Single by Tom Cardy

from the EP Artificial Intelligence
- Recorded: 2021
- Studio: Tom Cardy's home studio (Sydney, Australia)
- Genre: Comedy; electropop;
- Length: 2:40
- Songwriter: Tom Cardy
- Producer: Tom Cardy

= H.Y.C.Y.BH =

2021 song by Tom Cardy

"H.Y.C.Y.BH" (an acronym for "Have You Checked Your Butthole") is a song by Australian musical comedian Tom Cardy. It was taken from his debut EP, Artificial Intelligence, which was released on 6 August 2021. Written, recorded, and produced solely by Cardy, the song was debuted on TikTok. "H.Y.C.Y.BH" received praise from music critics and ranked at No. 11 on Triple J's Hottest 100 of 2021.

==Background and release==
"H.Y.C.Y.BH" was recorded in July 2021 in Cardy's home studio during the creation of his debut EP Artificial Intelligence. It was debuted on TikTok, with an accompanying music video being uploaded to YouTube on 3 July which showed Cardy performing the song in his home studio. A metal keyring promoting the song was made available following the EP's release.

==Composition==
"H.Y.C.Y.BH" is written in the key of C minor with a tempo of 120 BPM.

==Critical reception==
Writing for The Music, Joe Dolan labelled "H.Y.C.Y.BH" one of the best songs of the month and said that "it's hard not to admire the sheer tenacity that comes with one man's journey into enlightenment". He additionally likened the song's titular question to that of "What's Going On?" by Marvin Gaye and "Who Let the Dogs Out?" by Baha Men. Another writer for The Music dubbed it "incredible handiwork" and added that "you're gonna have this song in your head for a while". Dustin Rowles of Pajiba praised the song as "art" and called it "the best reason I have ever seen for the existence of TikTok".
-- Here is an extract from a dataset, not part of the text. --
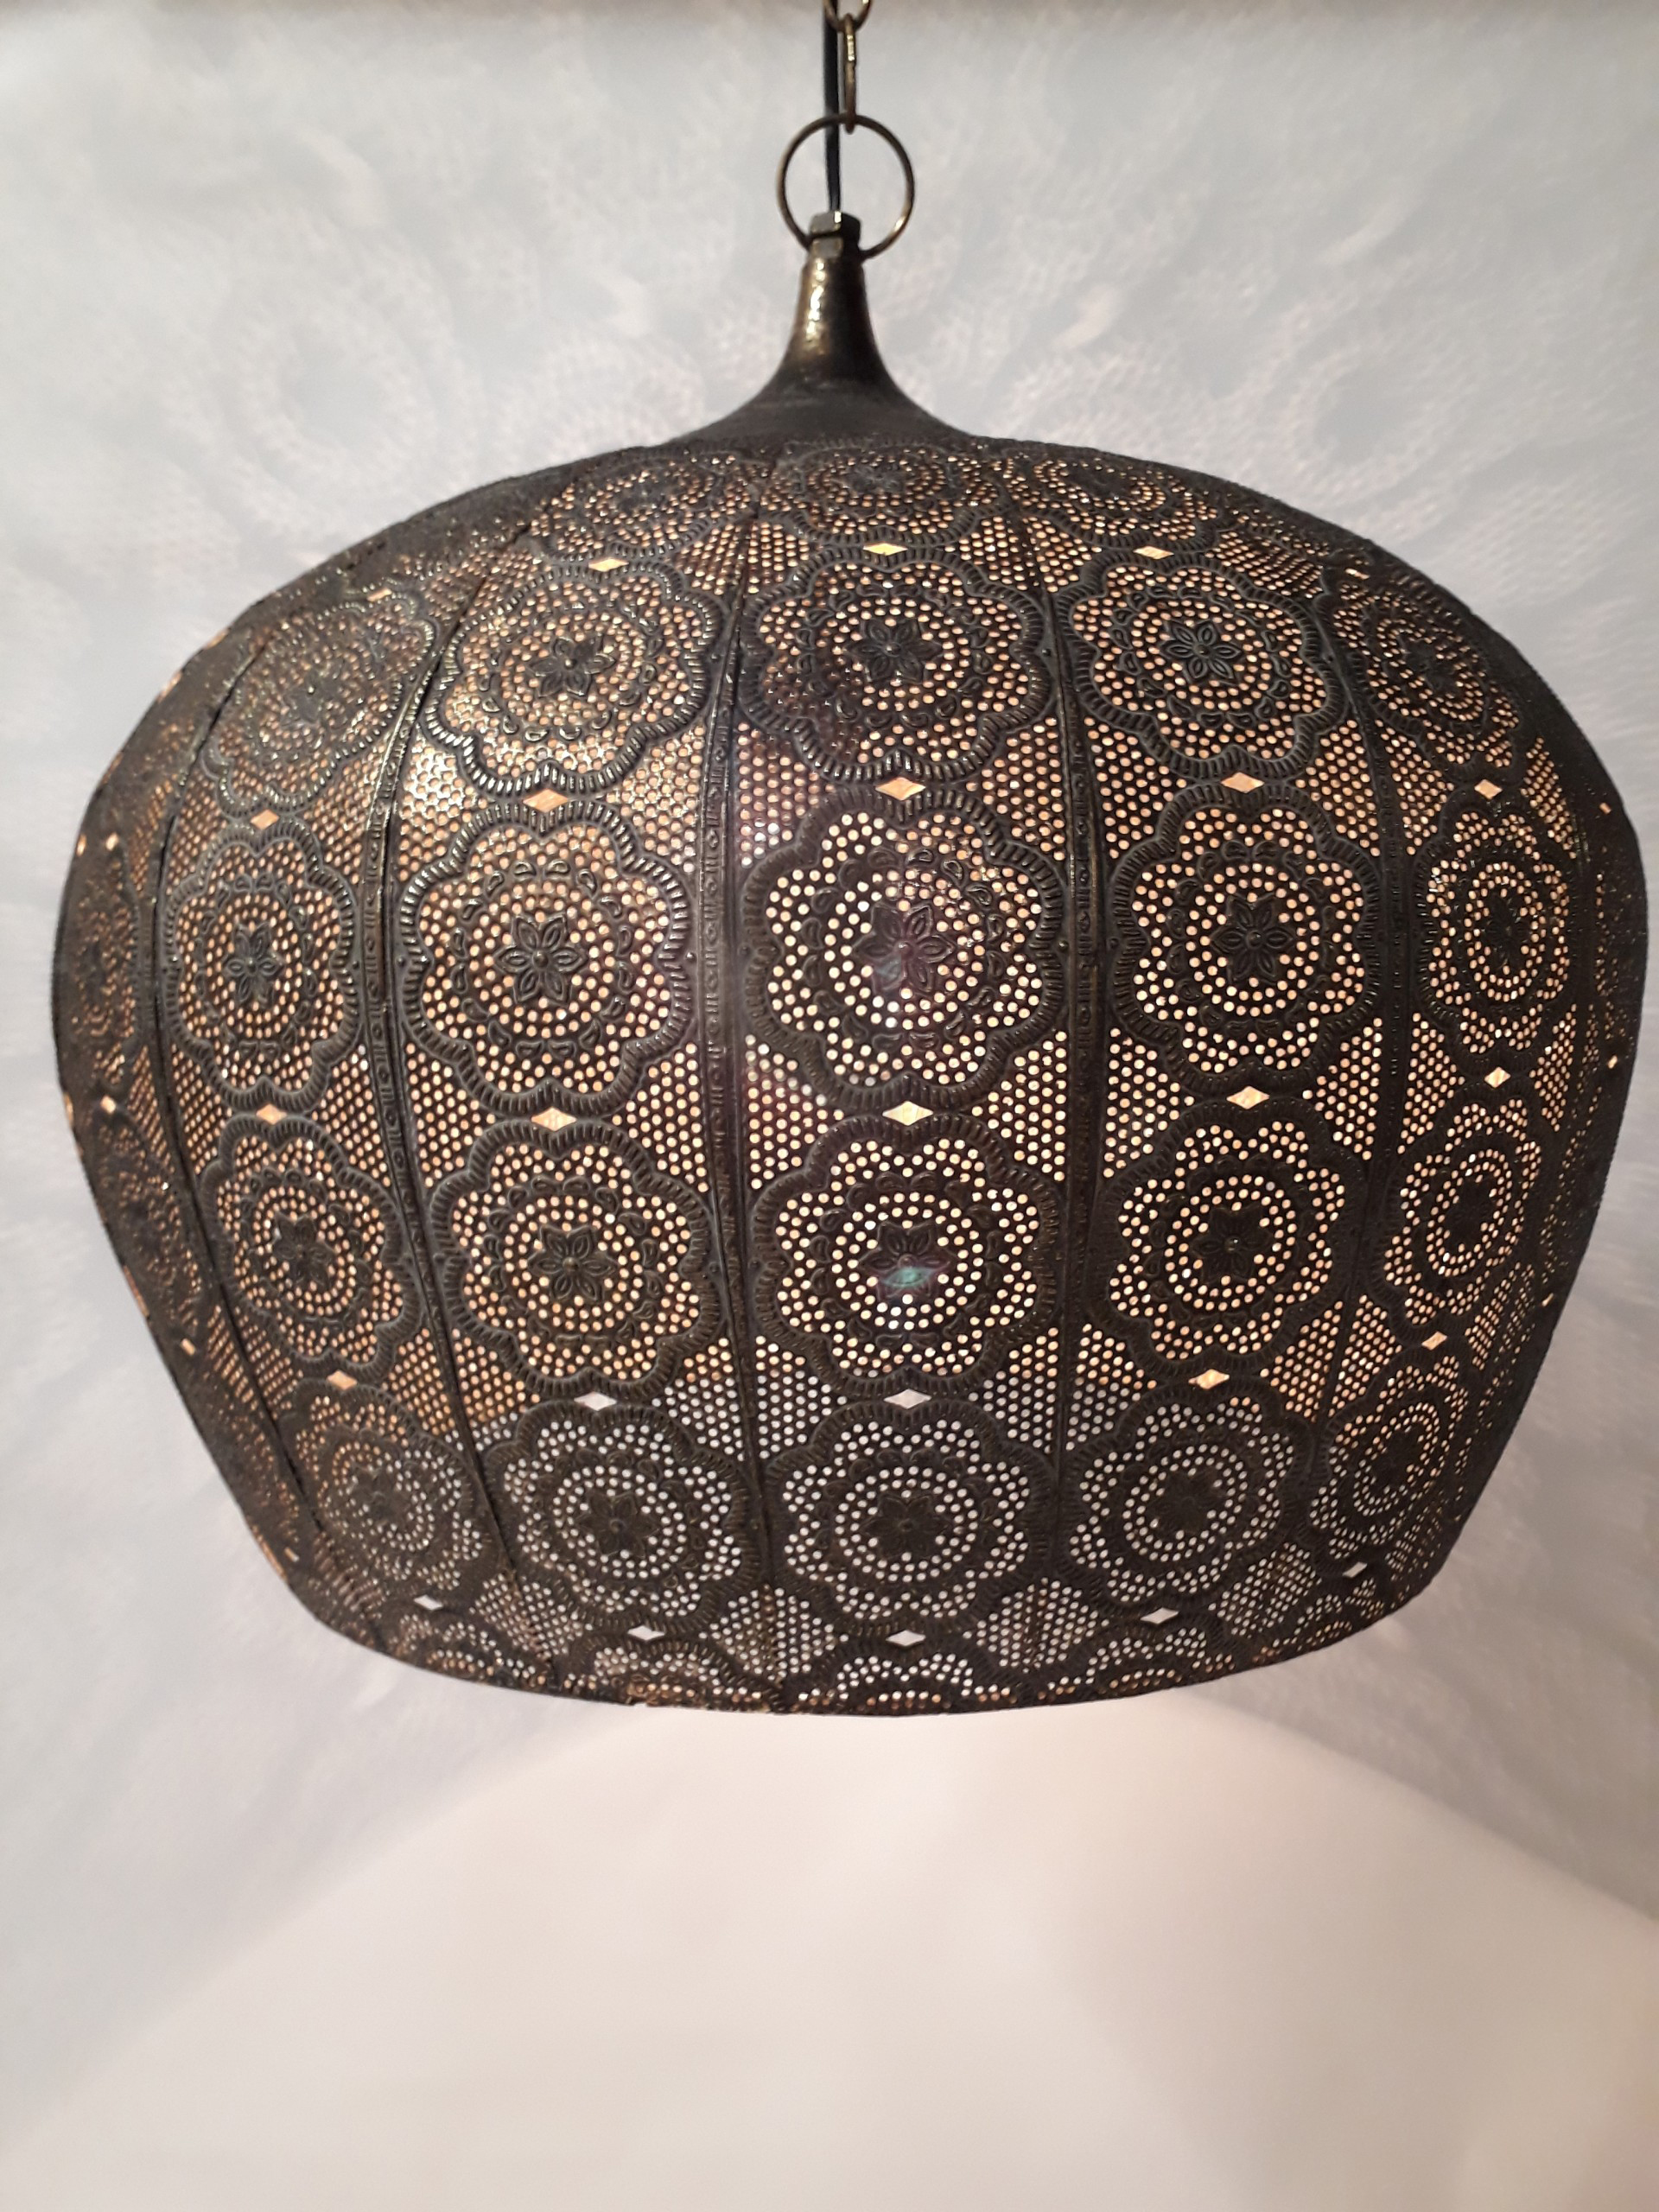 h ngelampe marokko oriental metall beleuchtung h ngelampen freudenhaus designkaufhaus. Black Bedroom Furniture Sets. Home Design Ideas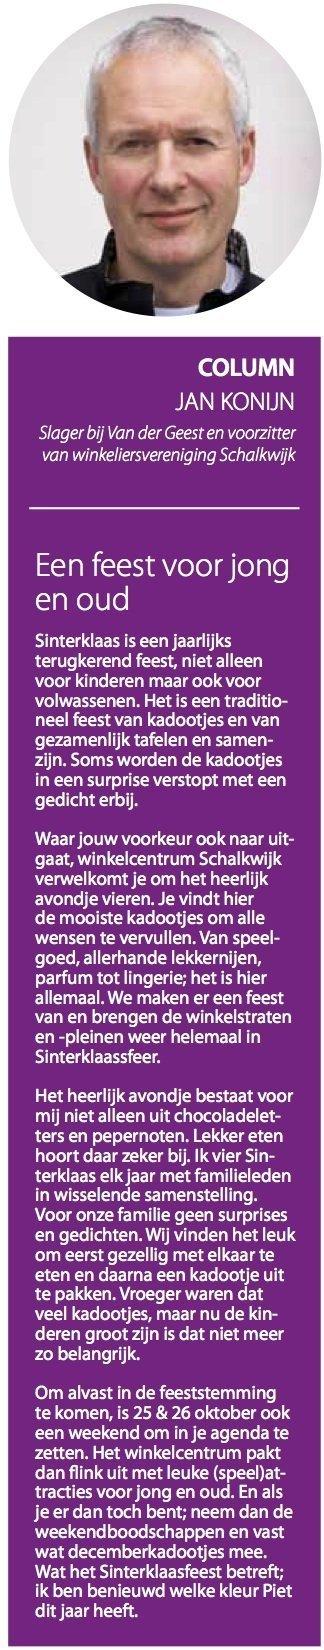 Column_JanKonijn

Triple J's Al Newstead opined that with the phrase "have you checked your butthole", Cardy "elegantly encapsulates transcendent, universal wisdom". Triple J presenter Dave Woodhead included the song in his 10 votes for the station's 2021 Hottest 100 countdown, marking Cardy's second appearance on the list after "Mixed Messages" placed at No. 17. In an op-ed for ABC News, journalist Abbey Wiltshire attributed the song's success in the countdown to its "unfiltered humour and pure shareability".

==Chart performance==

Rankings for "H.Y.C.Y.BH"
| Work | List | Rank | Ref. |
|---|---|---|---|
| Triple J | Triple J Hottest 100 of 2021 | 11 |  |

==Personnel==
As shown in the liner notes of Artificial Intelligence, the song was created and performed solely by Cardy.